__DATASET EXCERPT__:
============================================================

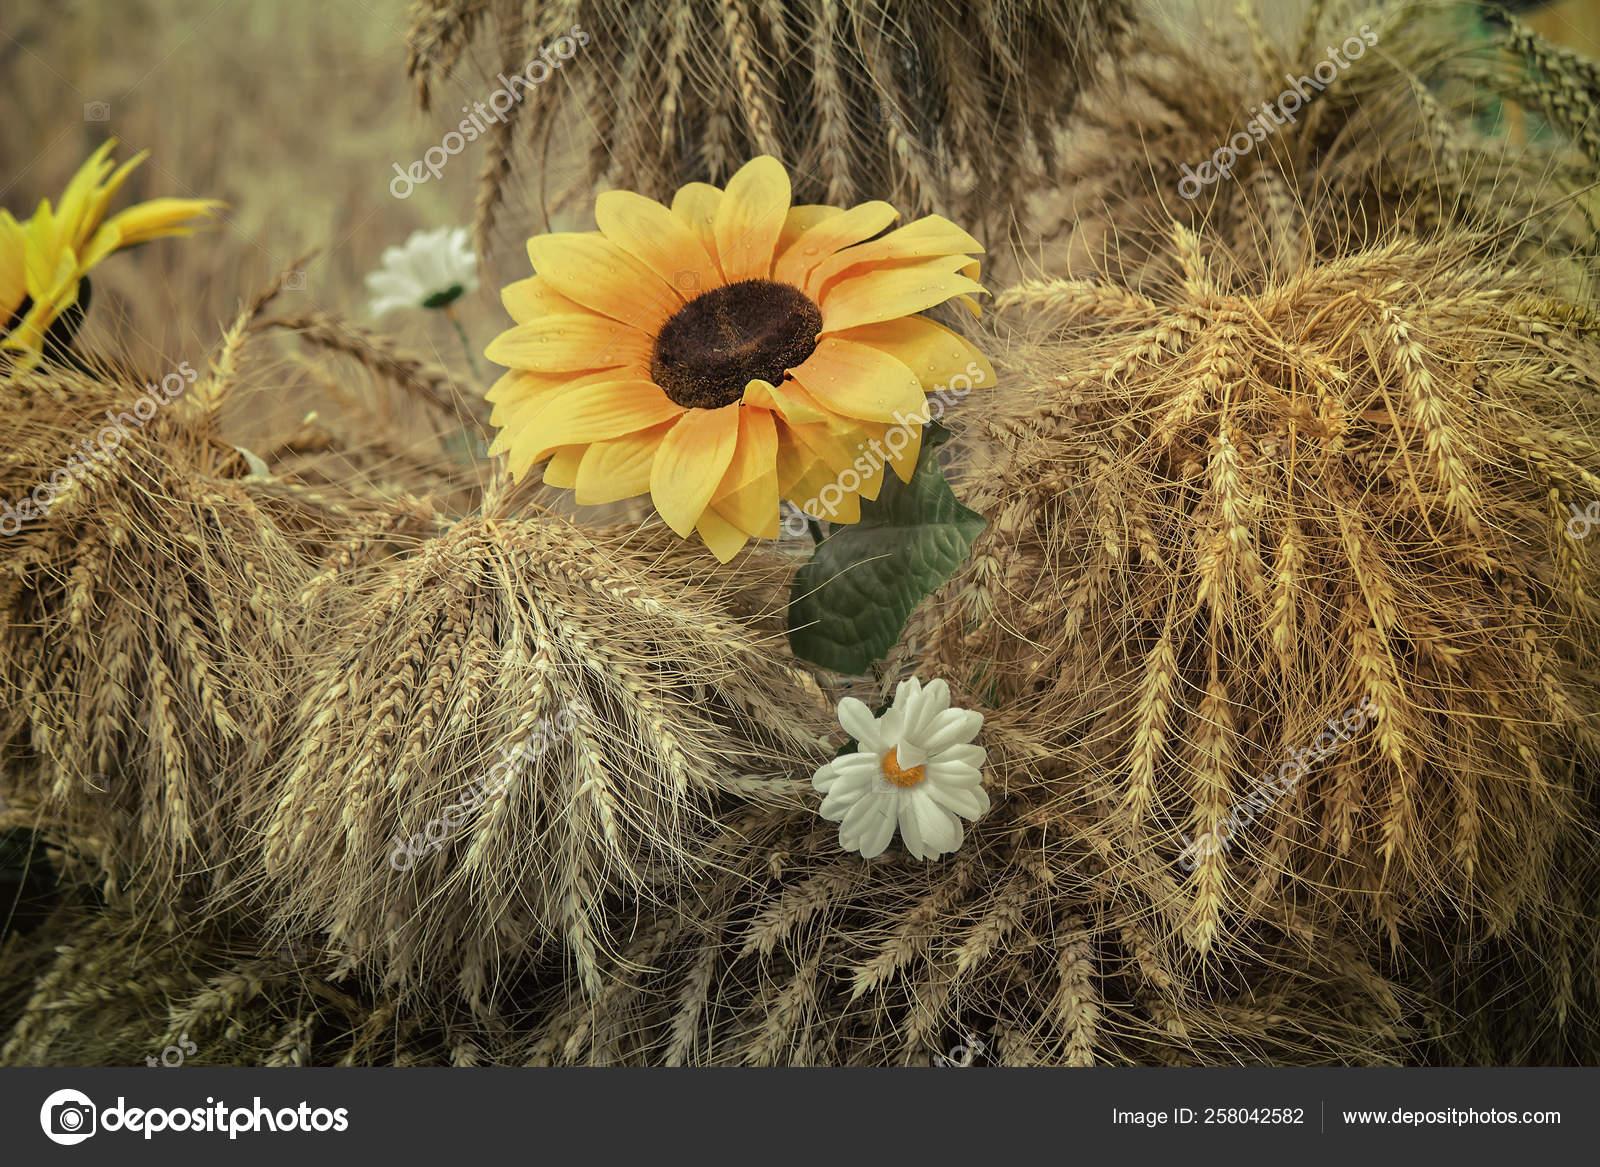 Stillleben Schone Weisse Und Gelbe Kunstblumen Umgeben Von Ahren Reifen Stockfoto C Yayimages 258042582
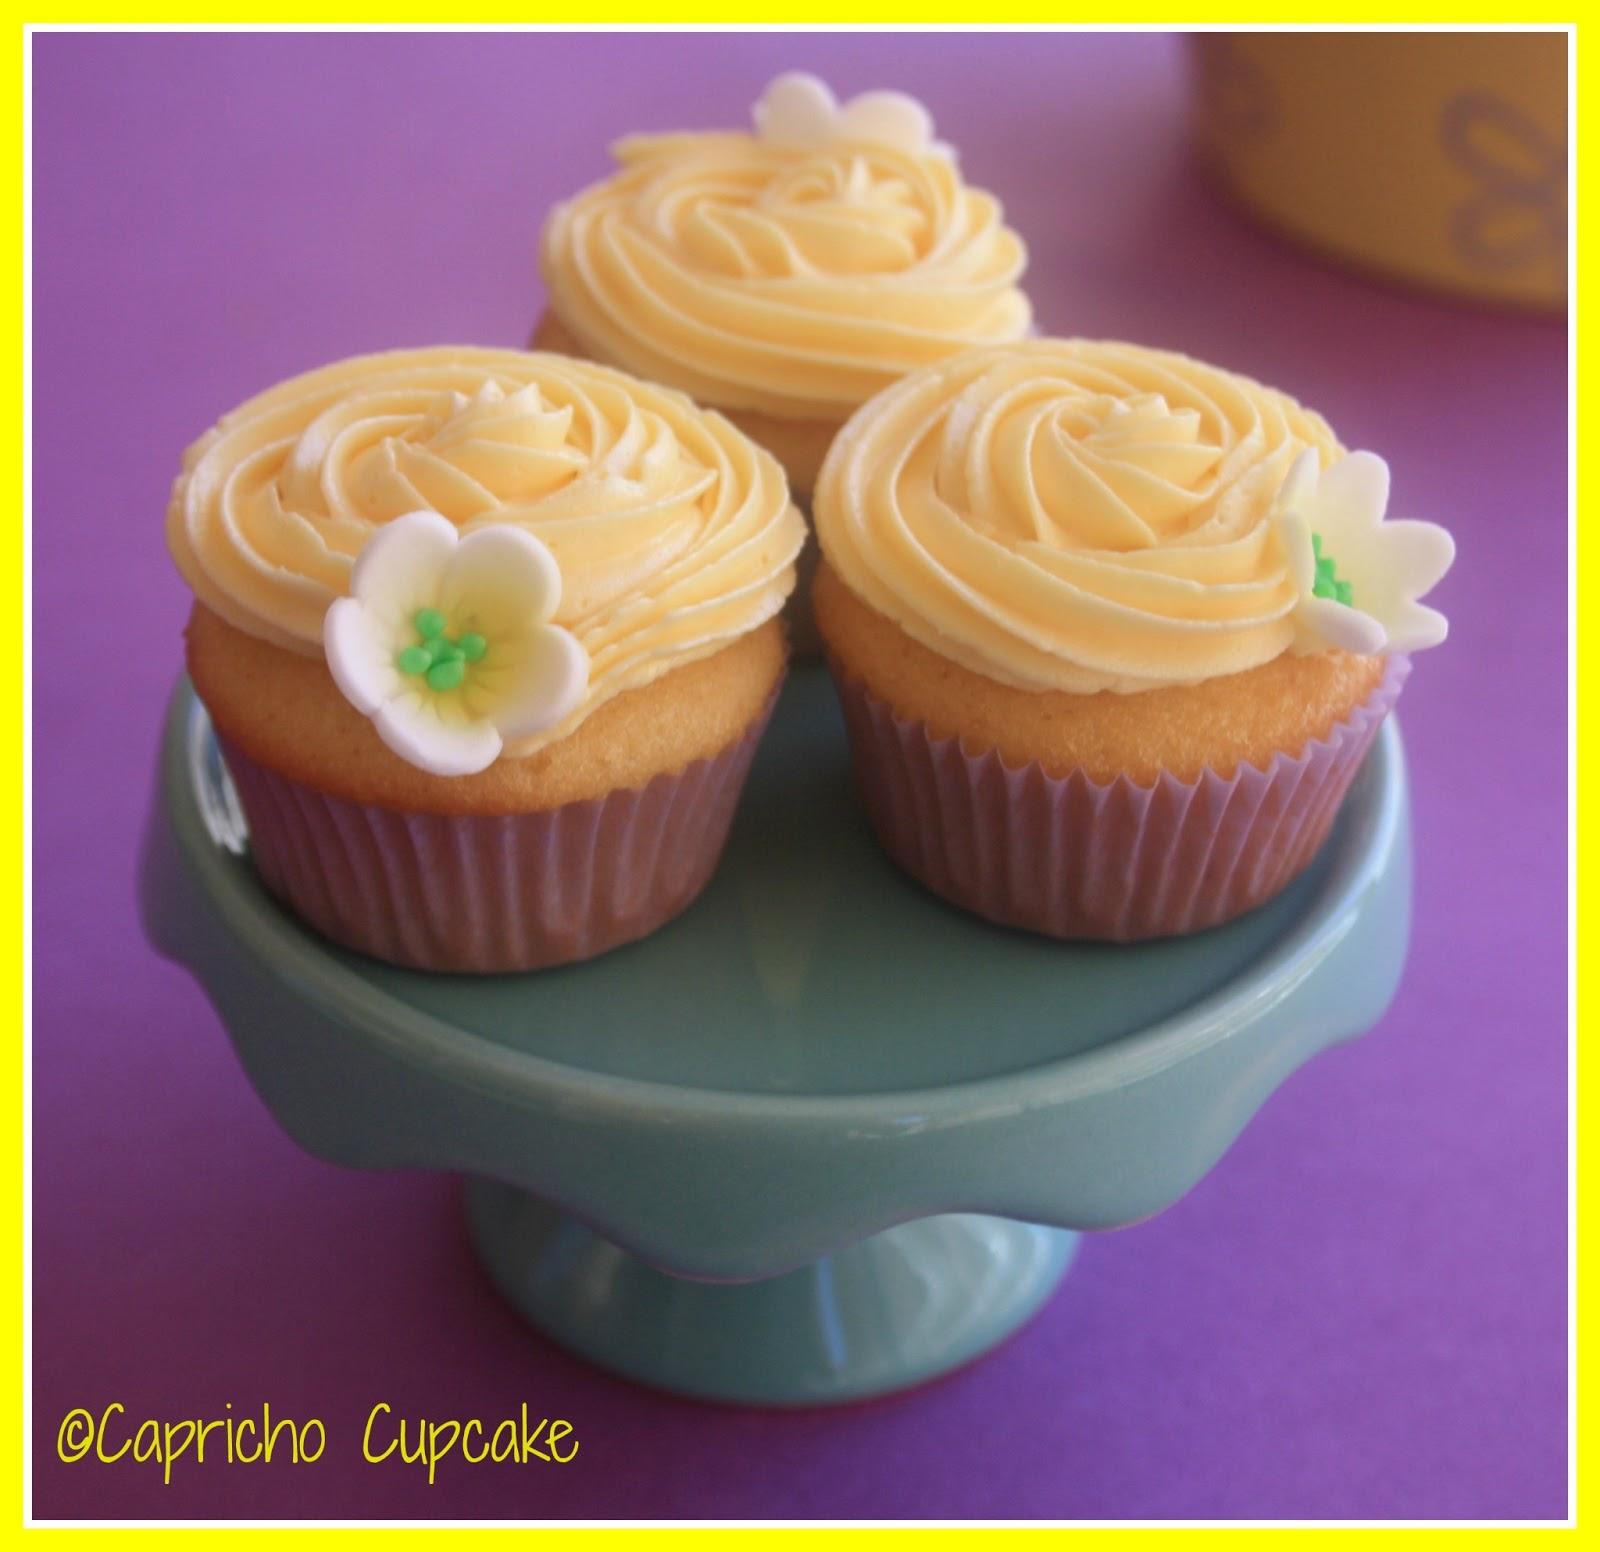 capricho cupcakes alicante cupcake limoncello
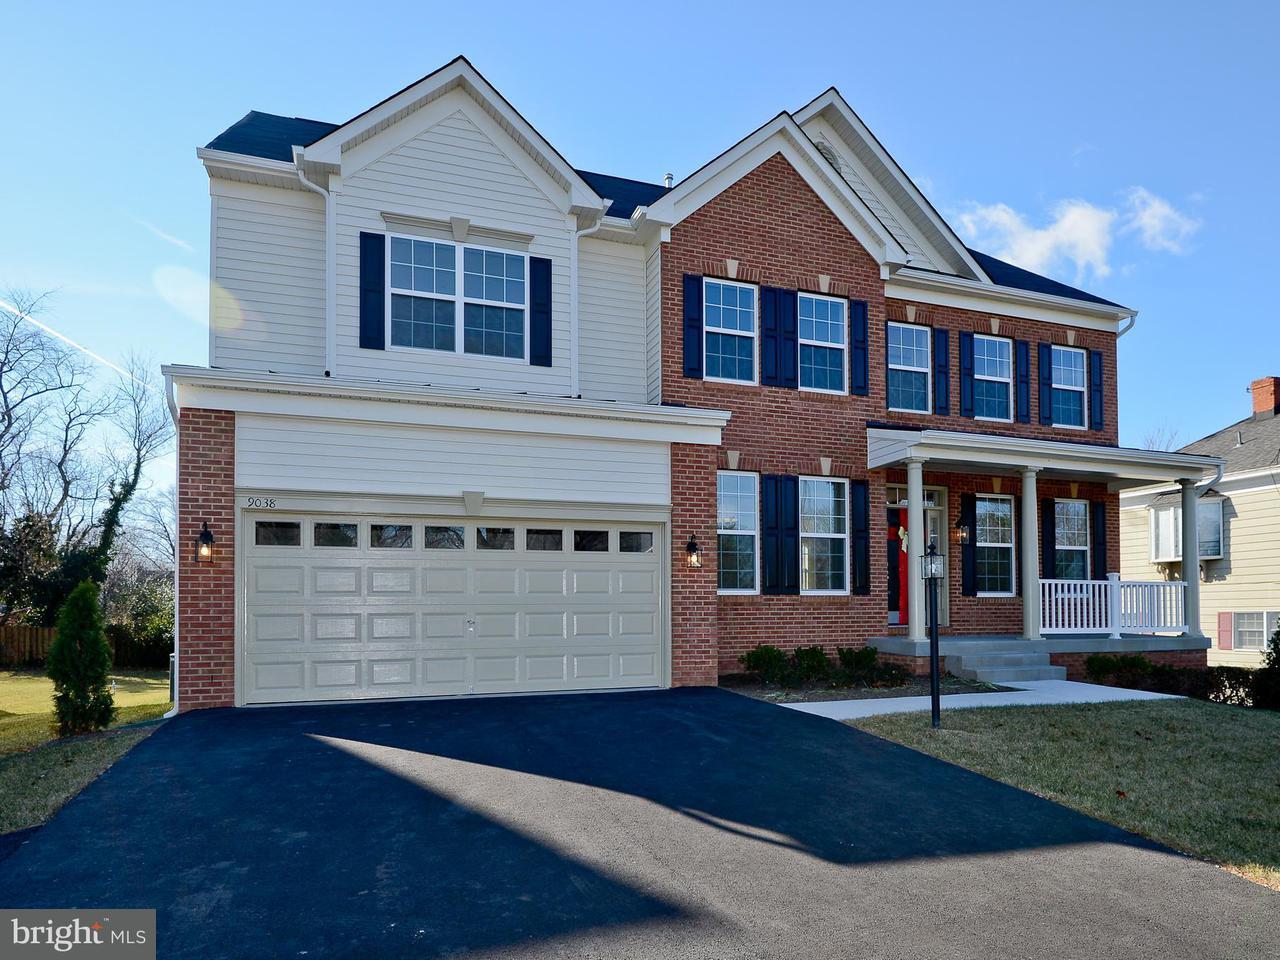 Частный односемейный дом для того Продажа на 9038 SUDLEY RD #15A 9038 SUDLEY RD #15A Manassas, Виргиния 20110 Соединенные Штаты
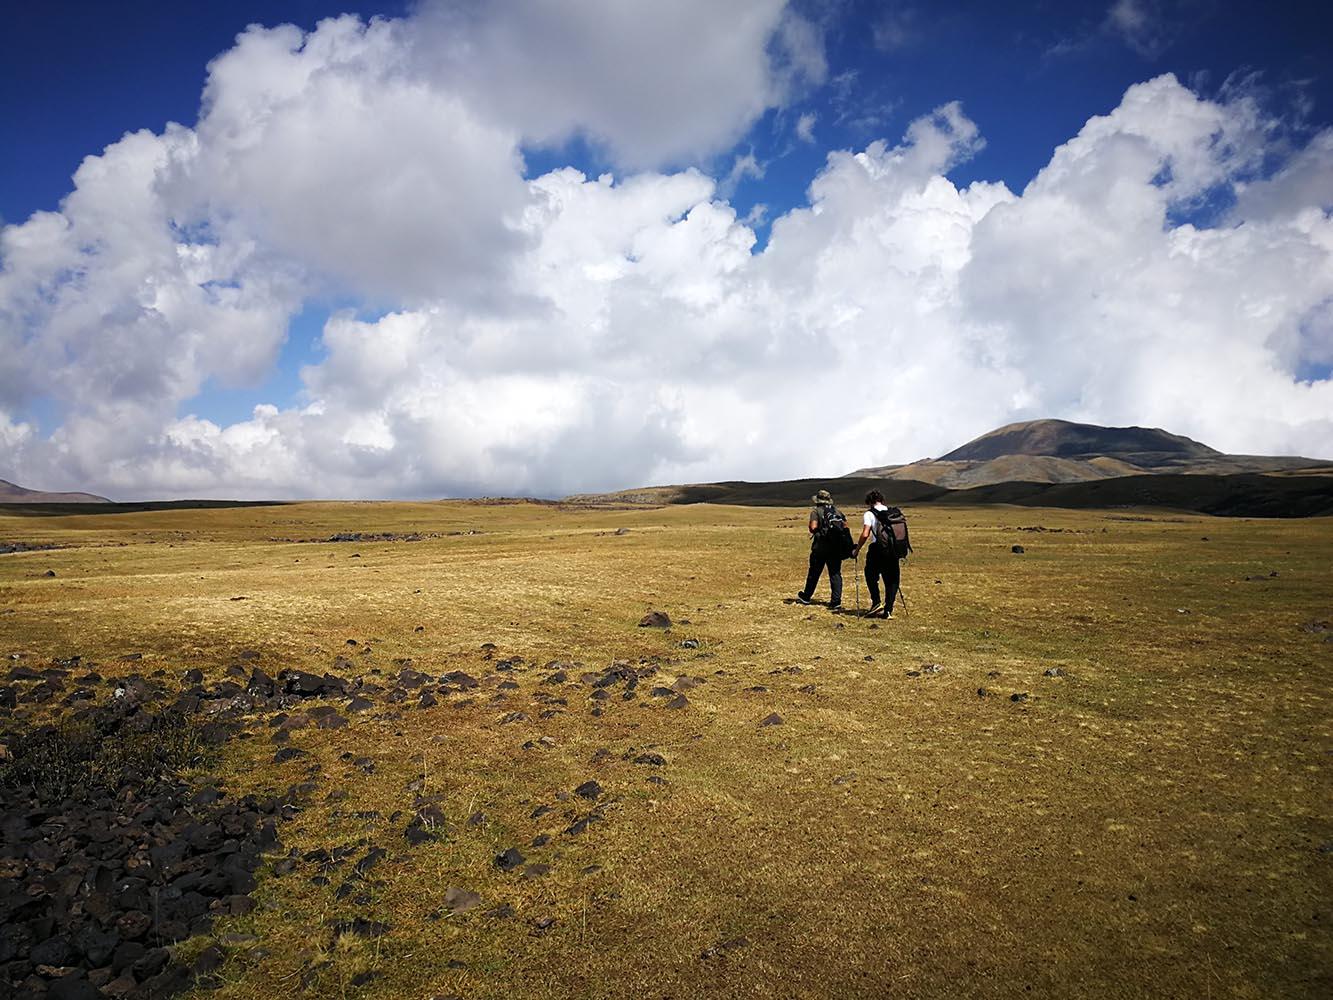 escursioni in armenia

============================================================

__AIM OF THE TASK__: An exact, image-free transcript of the material is required.

__TASK SOLUTION__:
 Stillleben Schone Weisse Und Gelbe Kunstblumen Umgeben Von Ahren Reifen Stockfoto C Yayimages 258042582
 capricho cupcakes alicante cupcake limoncello
 Частный односемейный дом для того Продажа на 9038 SUDLEY RD #15A 9038 SUDLEY RD #15A Manassas, Виргиния 20110 Соединенные Штаты
 escursioni in armenia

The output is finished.